Amazon.com set to serve its 10 millionth "Amazonian"; customer base has grown 10 times in 21 months

SEATTLE, June 7 -- /PRNewswire/ -- Less than four years after opening on the Internet, Amazon.com (NASDAQ: AMZN) today will become the first e-commerce store to serve its 10 millionth customer.

In October 1997, Amazon.com became the first Internet retailer to serve 1 million customers, and its cumulative customer base has grown tenfold in 21 months and is now equivalent to the population of Greece.

The 10 million number represents an e-commerce watershed reflecting the appeal of online shopping beyond original techno-savvy buyers to mainstream consumers.

"If anyone had predicted in 1995 that we'd have 10 million Amazonians by now, they'd have been locked up as dangerous," said Amazon.com founder and CEO Jeff Bezos. "We certainly didn't expect it, and we're extremely grateful. We're celebrating--but quickly--and taking this opportunity to re-commit ourselves to our customers."

Bezos added, "We're especially pleased that one of the significant components of recent customer growth has been auction participants."

In honor of all Amazon.com customers, Bezos will personally deliver the goods bought today by an honorary 10 millionth Amazonian. The personalized delivery reflects Amazon.com's roots in 1995 when Bezos would take each day's orders to the post office for delivery to customers.

Amazon.com started selling books online in July 1995. In June 1998, when it had about 3 million customers, the company added its music CD store, and five months later, a video store. Amazon.com finished 1998 with 6.2 million customers and since then has launched Amazon.com Auctions and a free electronic greeting card service. Amazon.com Auctions is a business-to-consumer and person-to-person auction site featuring tens of thousands of offerings.

The Amazon.com cumulative customer base of 10 million unique customers includes those who have either purchased merchandise from Amazon.com or participated as registered users of Amazon.com Auctions.

About Amazon.com
Amazon.com, Inc. (NASDAQ: AMZN), the Internet's No. 1 music, No. 1 video, and No. 1 book retailer, opened its virtual doors on the World Wide Web in July 1995 and today offers Earth's Biggest SelectionTM with free electronic greeting cards, online auctions, and more than 4.7 million book, music-CD, video, DVD, and computer-game titles. Amazon.com seeks to be the world's most customer-centric company, where people can find and discover anything they may want to buy online. As part of its efforts to provide the best shopping experience for customers, Amazon.com provides secure credit-card payment, personalized recommendations, streamlined ordering through 1-ClickSM technology, and hassle-free auction bidding with Bid-ClickSM.

Amazon.com operates two international Web sites: www.amazon.co.uk in the United Kingdom and www.amazon.de in Germany. Amazon.com also operates PlanetAll (www.planetall.com), a Web-based address book, calendar, and reminder service. It also operates the Internet Movie Database (www.imdb.com), the Web's comprehensive and authoritative source of information on more than 150,000 movies and entertainment programs and 500,000 cast and crew members dating from the birth of film in 1892 to the present. Amazon.com also operates LiveBid.com (www.livebid.com), the sole provider of live-event auctions on the Internet.

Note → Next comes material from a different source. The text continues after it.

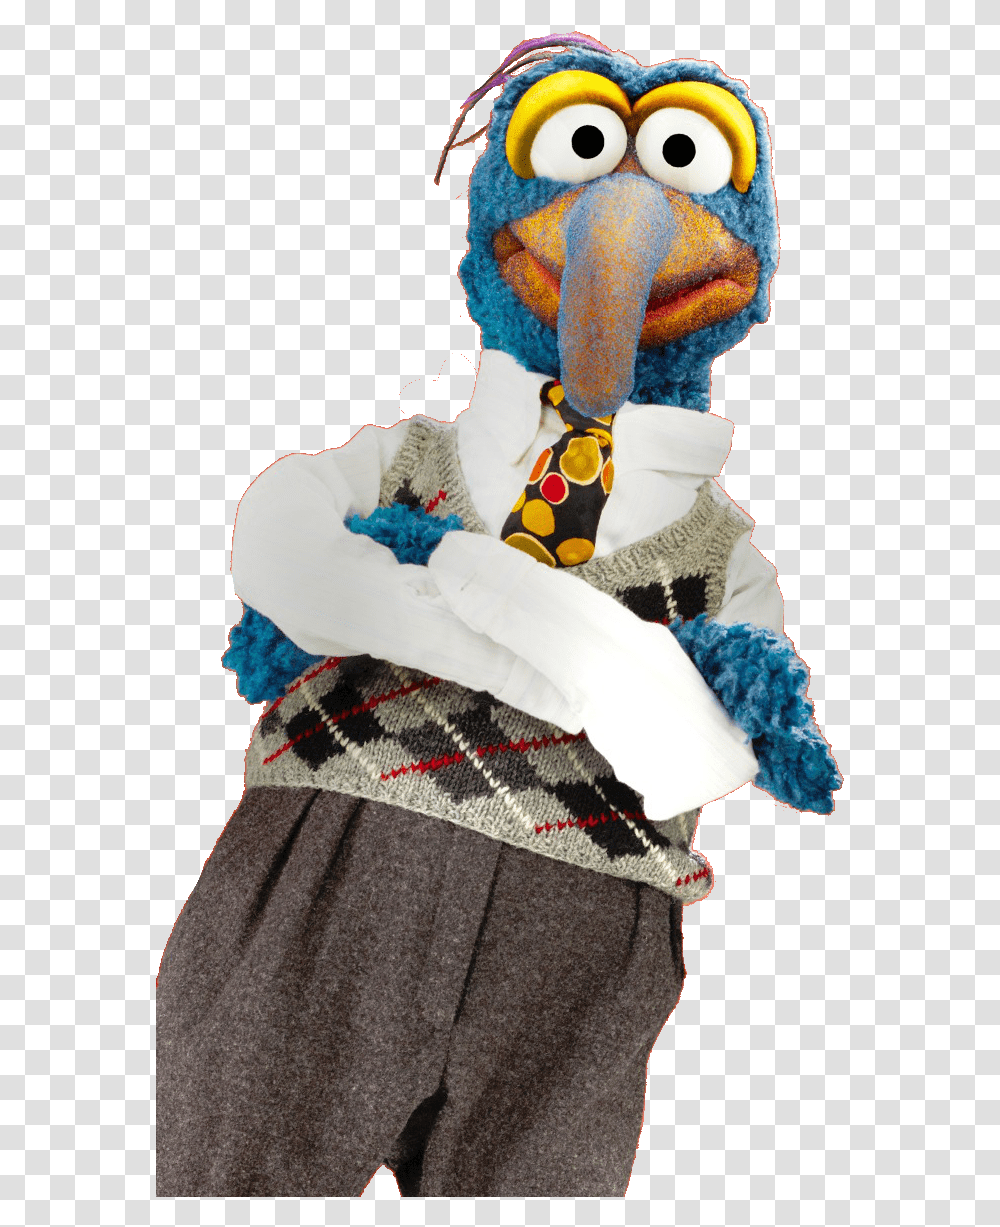 Muppets Pluspng Muppets, Apparel, Figurine, Sweets Transparent Png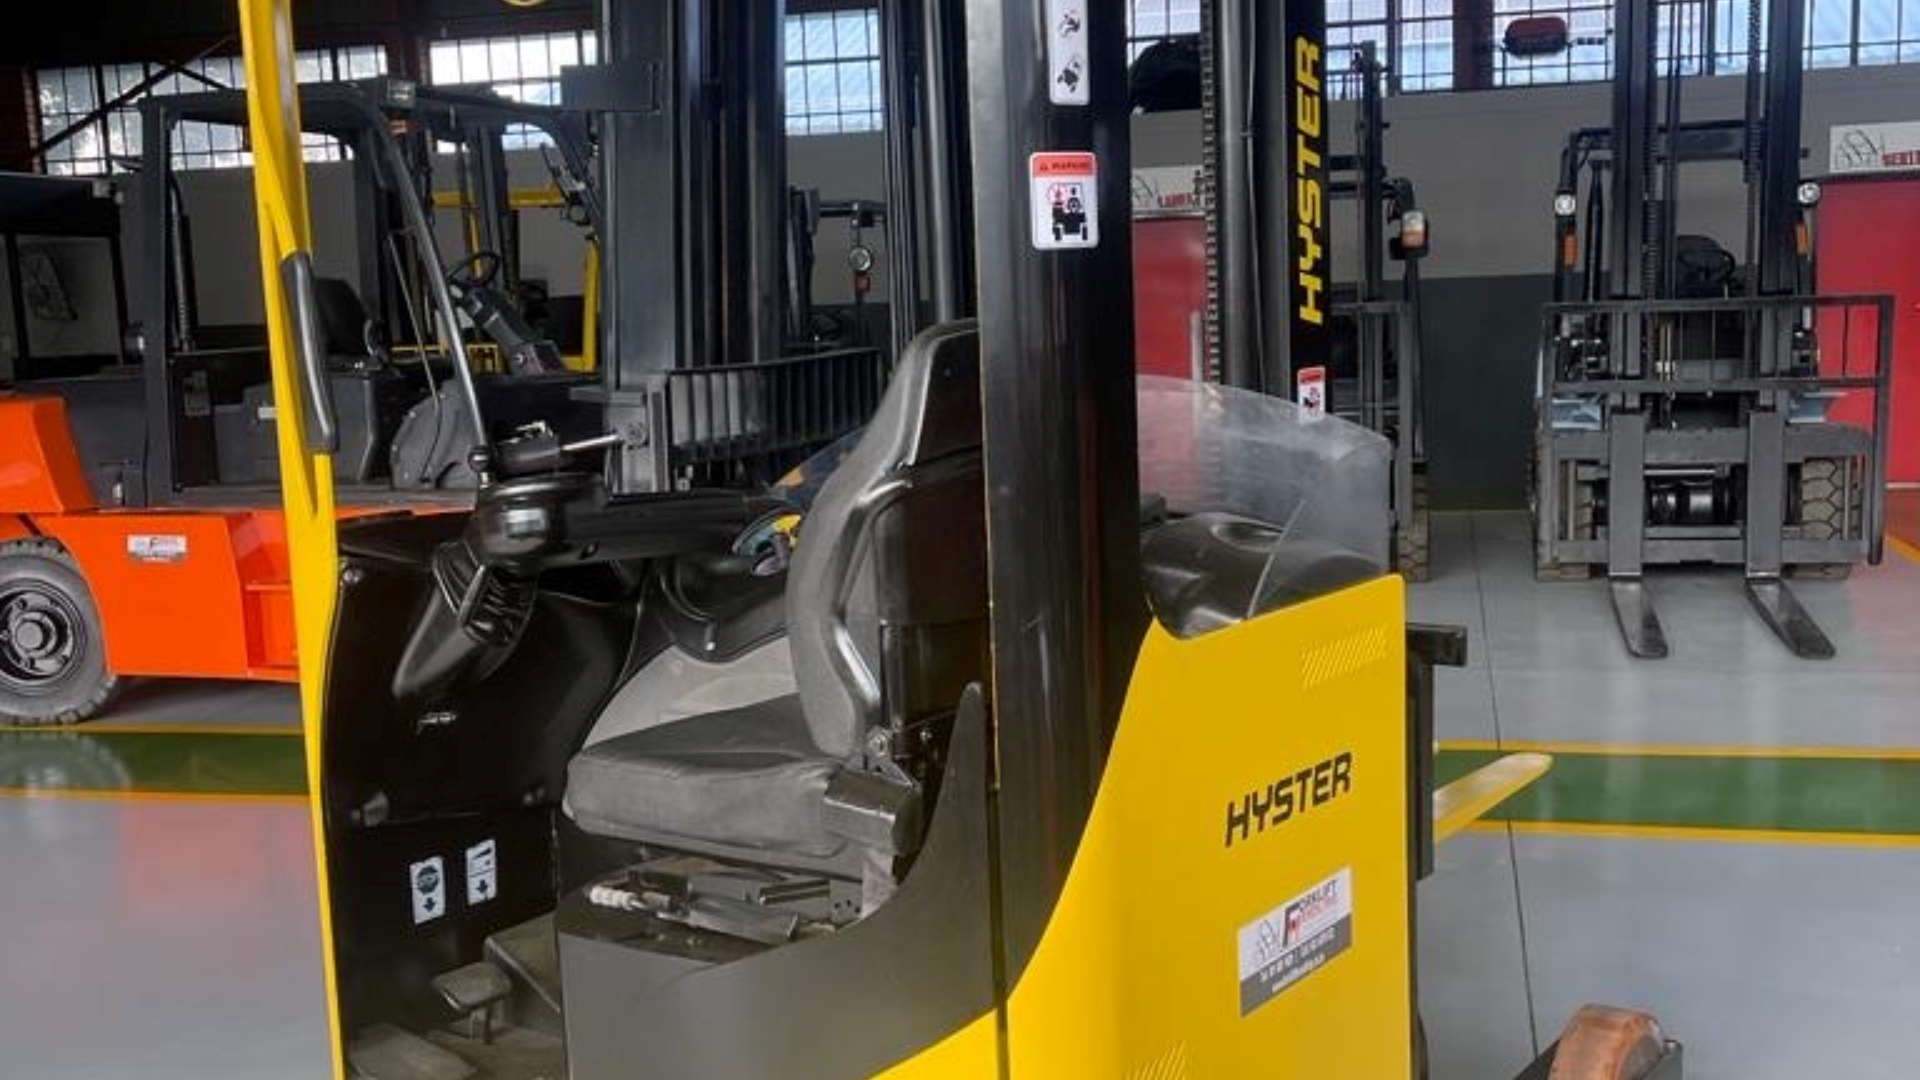 Hyster Forklifts Electric forklift Hyster 1.6 Ton Electric Reach Truck for sale by Forklift Handling | Truck & Trailer Marketplace

In addition, Amazon.com has invested in leading Internet retailers that are improving the lives of customers by making shopping easier and more convenient: drugstore.com, a complete online provider of health, beauty, wellness, and prescription-drug products, at www.drugstore.com; Pets.com, the largest pet-supply company on the Internet and a valuable source of free information for pet owners, at www.pets.com; HomeGrocer.com, the first fully integrated Internet grocery-shopping and home-delivery service, with operations in Seattle and Portland, Oregon, at www.homegrocer.com.

This announcement contains forward-looking statements that involve risks and uncertainties that include, among others, Amazon.com's limited operating history, anticipated losses, unpredictability of future revenues, potential fluctuations in quarterly operating results, seasonality, consumer trends, competition, risks of system interruption, management of potential growth, risks related to auction services, and risks of new business areas, international expansion, business combinations, and strategic alliances. More information about factors that potentially could affect Amazon.com's financial results is included in Amazon.com's filings with the Securities and Exchange Commission, including its Annual Report on Form 10-K for the year ended December 31, 1998 and Quarterly Report on Form 10-Q for the quarter ended March 31, 1999.

Amazon.com, Amazon.com Auctions, Amazon.co.uk, Amazon.de, Internet Movie Database, PlanetAll, Earth's Biggest Selection, Bid-Click and 1-Click are either registered trademarks or trademarks of Amazon.com, Inc., or its affiliates. All other names mentioned herein may be trademarks of their respective owners.